*Provided data:*
[Start of section]
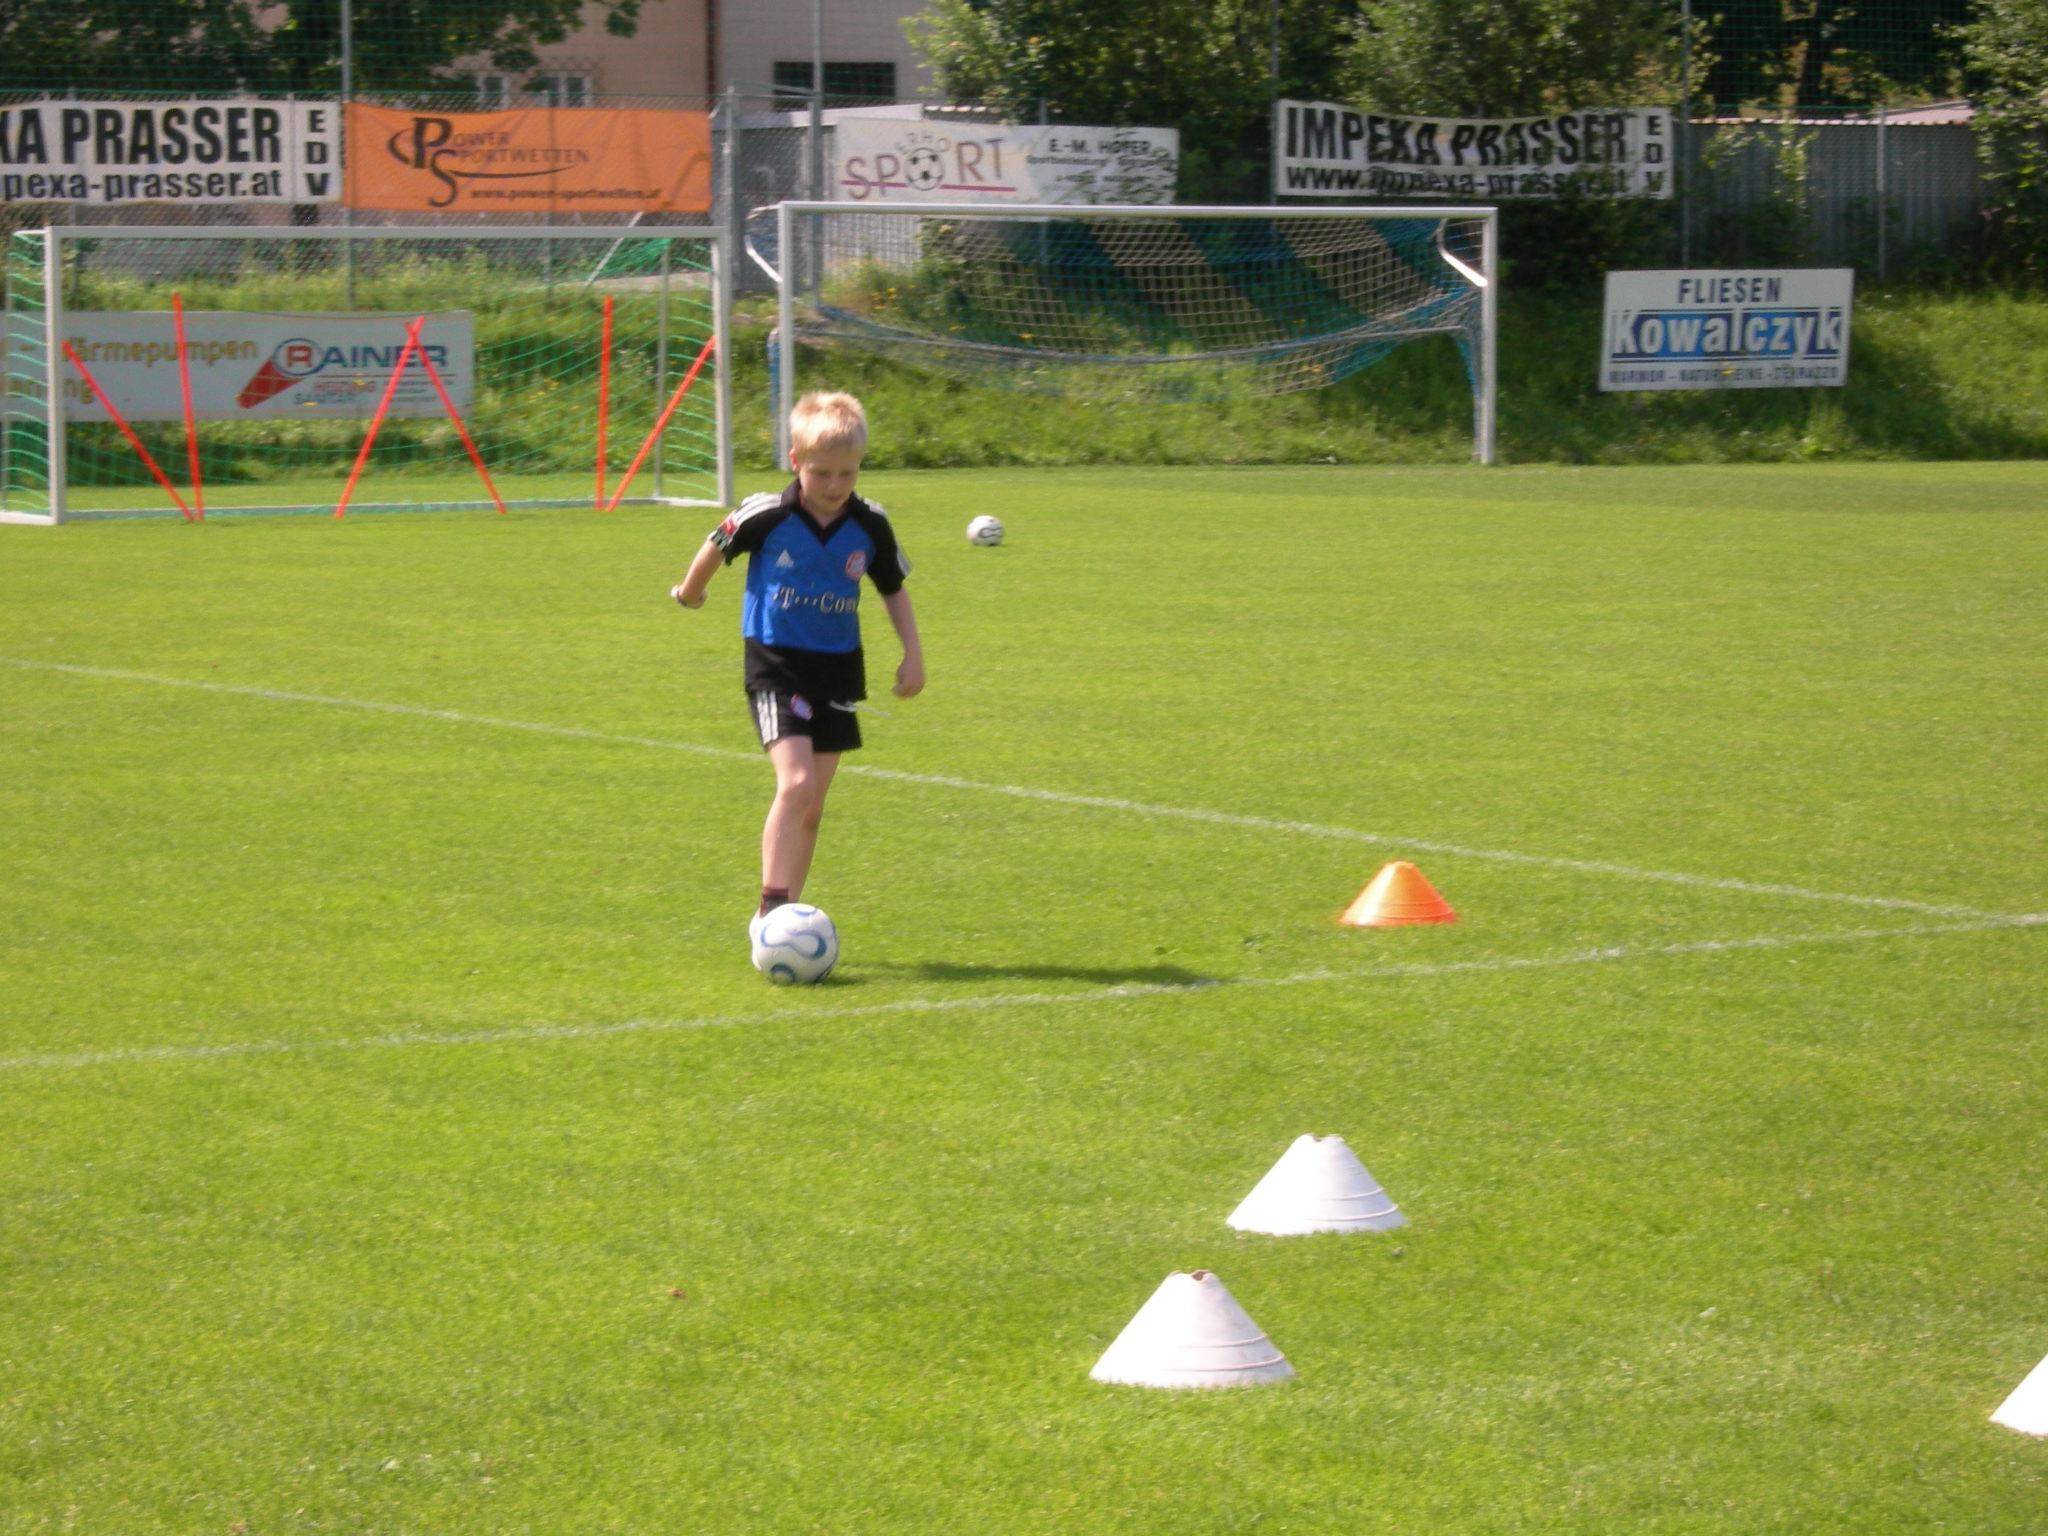 Fussball Mein Leben Bis Juni 2014
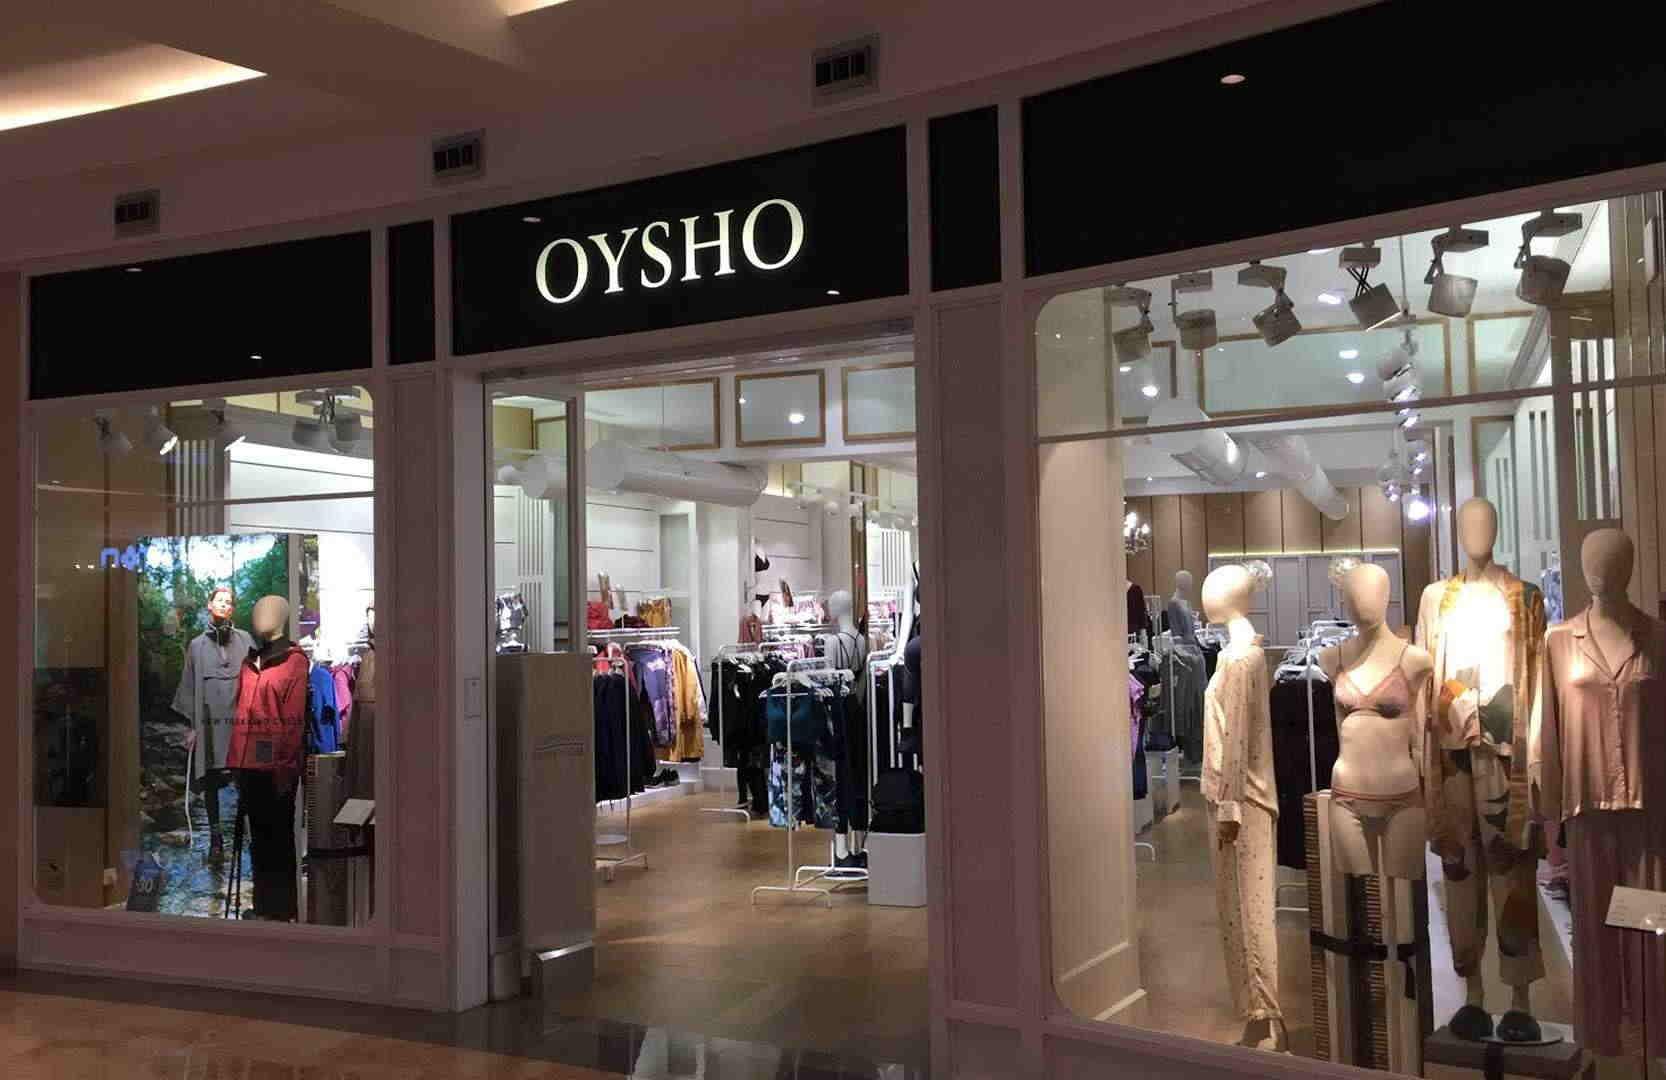 oysho-1555317532.jpg
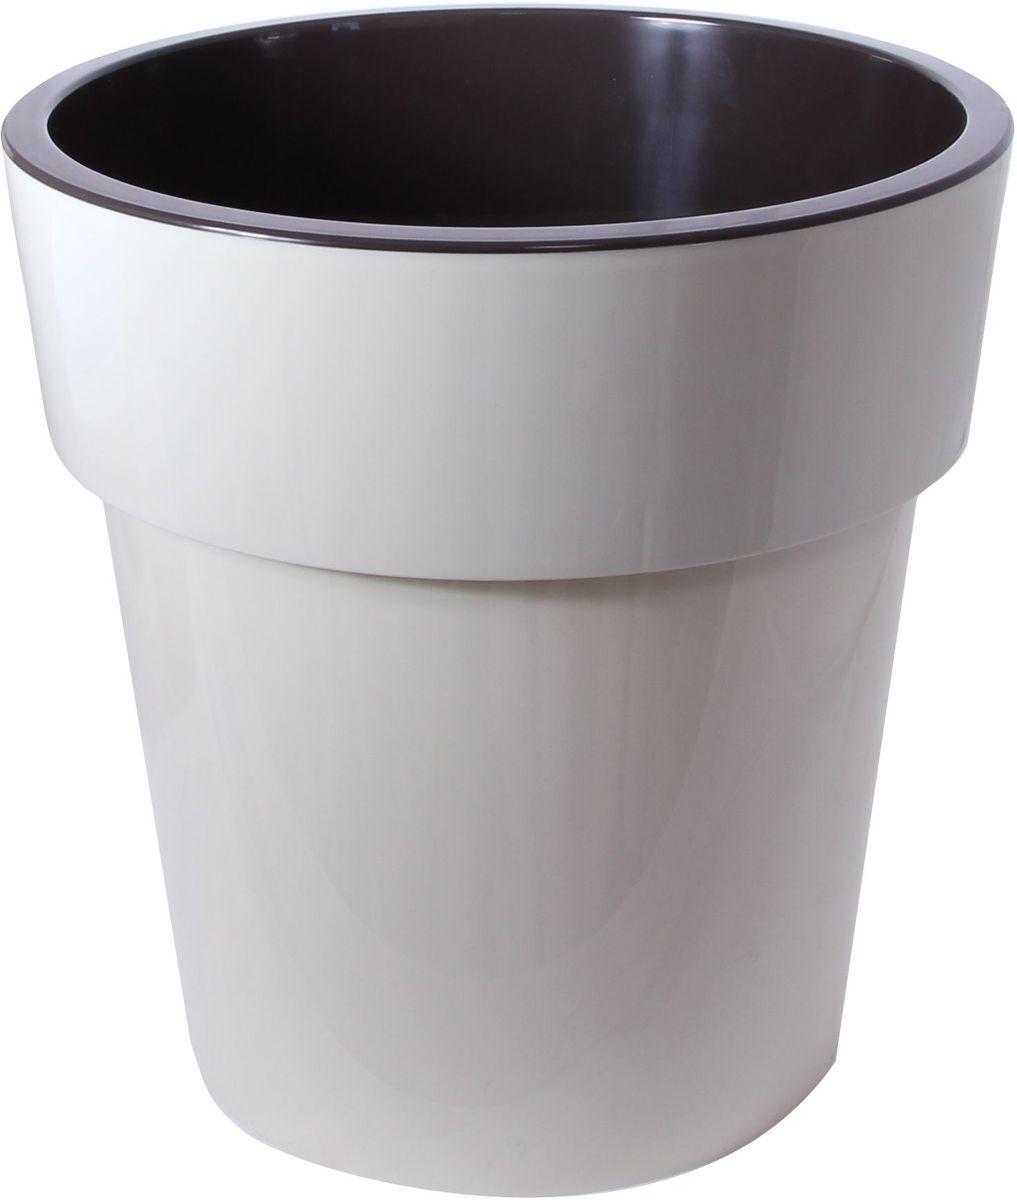 Кашпо Idea Тубус, цвет: белый, диаметр 15 смМ 3164Кашпо Idea Тубус изготовлено из прочного пластика. Изделие прекрасно подходит для выращивания растений и цветов в домашних условиях. Стильный современный дизайн органично впишется в интерьер помещения.Диаметр кашпо: 15 см. Высота кашпо: 15 см.
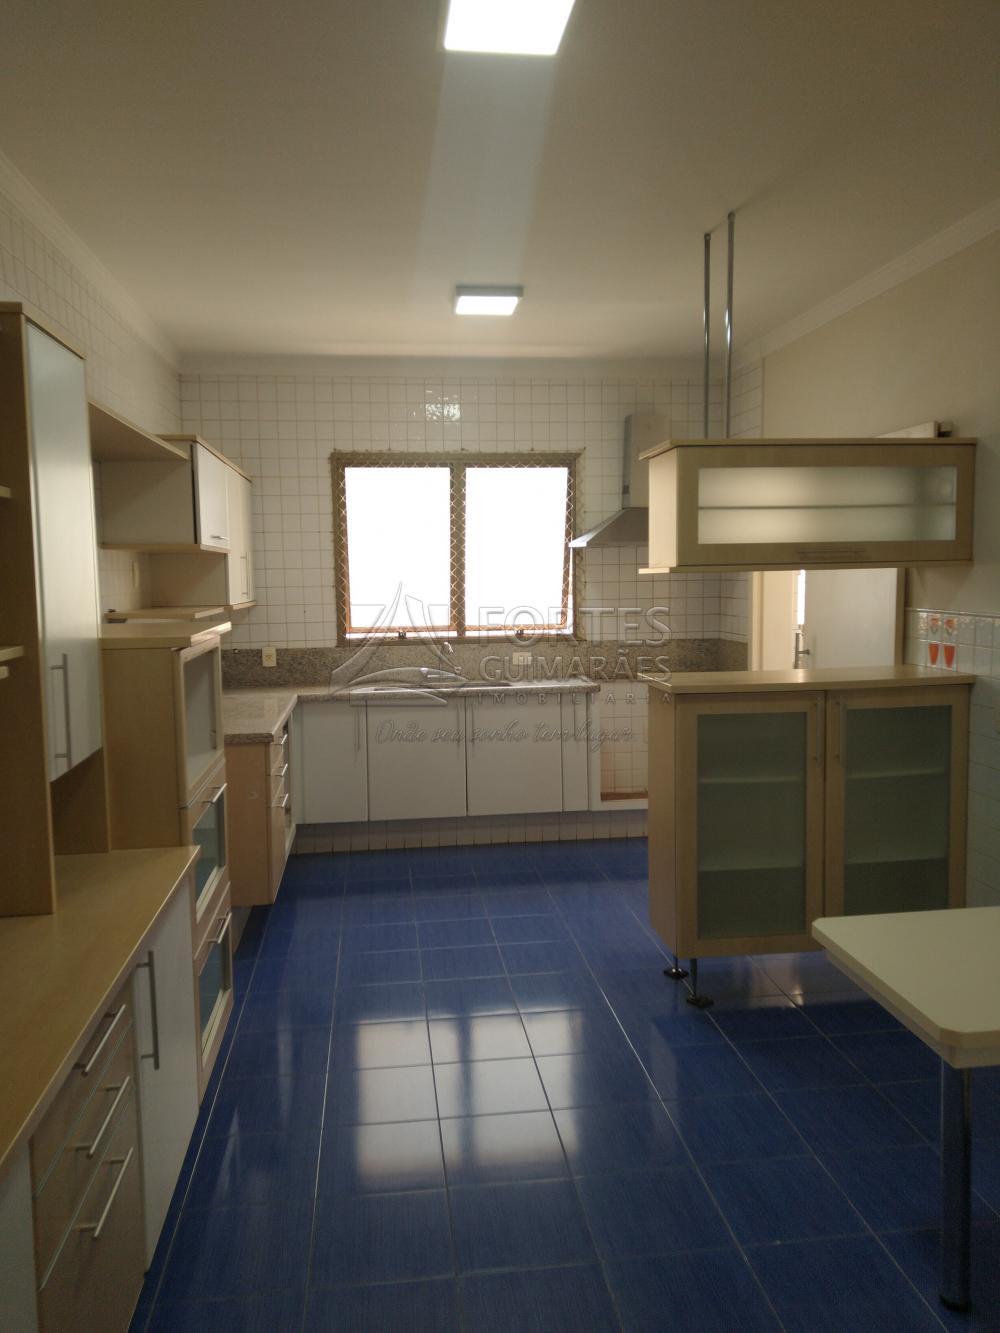 Alugar Apartamentos / Padrão em Ribeirão Preto apenas R$ 3.000,00 - Foto 50
[End of section]
*Exercise description:* The task requires restating verbatim the lines from the one that holds "Кашпо Idea Тубус, цвет: белый, диаметр" through the end of the listing, both ends counted, and no pictures.

*Response to this task:*
 Кашпо Idea Тубус, цвет: белый, диаметр 15 смМ 3164Кашпо Idea Тубус изготовлено из прочного пластика. Изделие прекрасно подходит для выращивания растений и цветов в домашних условиях. Стильный современный дизайн органично впишется в интерьер помещения.Диаметр кашпо: 15 см. Высота кашпо: 15 см.
 Alugar Apartamentos / Padrão em Ribeirão Preto apenas R$ 3.000,00 - Foto 50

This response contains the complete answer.